Вновь послышался вой соседской собаки, которая, видимо, проснувшись, вновь начала сетовать на своё одиночество.
- Что же это там за зверь так завывает?- пытался смягчить обстановку Родин.
- Все, я молчу. Это, в конце концов, не мое дело,- сказал я. - Прости меня, Дима, если я тебя чем-нибудь обидел.
«У…у…у, ау…уау…у»,- разносился нестерпимый вой остервенелого соседского пса. Я сидел, не шевелясь, рассматривая маленькие чайные лепестки, плавающие на дне стакана.

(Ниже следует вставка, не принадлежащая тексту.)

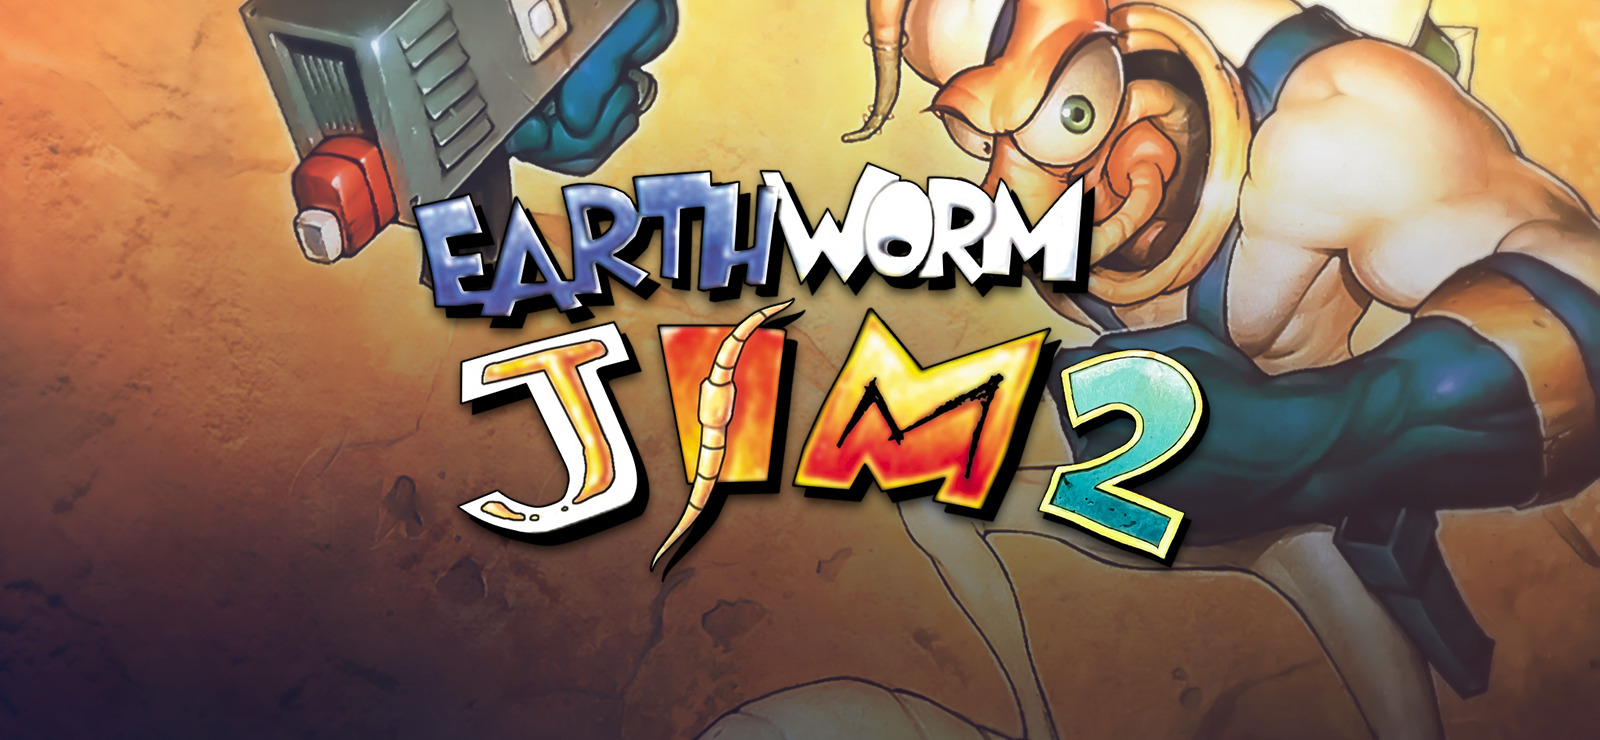 download earthworm jim gbc

- Да, давай забудем об этом,- сказал Родин. Я тут знаешь, что вспомнил? У меня сестра есть родная. Правда, мы с нею не в ладах. Она все больше с моей бывшей женушкой и папашей общается. Он и квартирку купил. Терпеть ее не могу. А она вообще меня за человека не считает. Короче говоря, сука она последняя, да и только. Я бы ее собственными руками придушил. Да, дело, собственно, не в этом. А знаешь в чем? Она тоже в издательстве работает.
- Гм… интересно. А в каком издательстве и кем работает?- поинтересовался я.
Родин назвал издательство, в котором я работаю и должность сестры.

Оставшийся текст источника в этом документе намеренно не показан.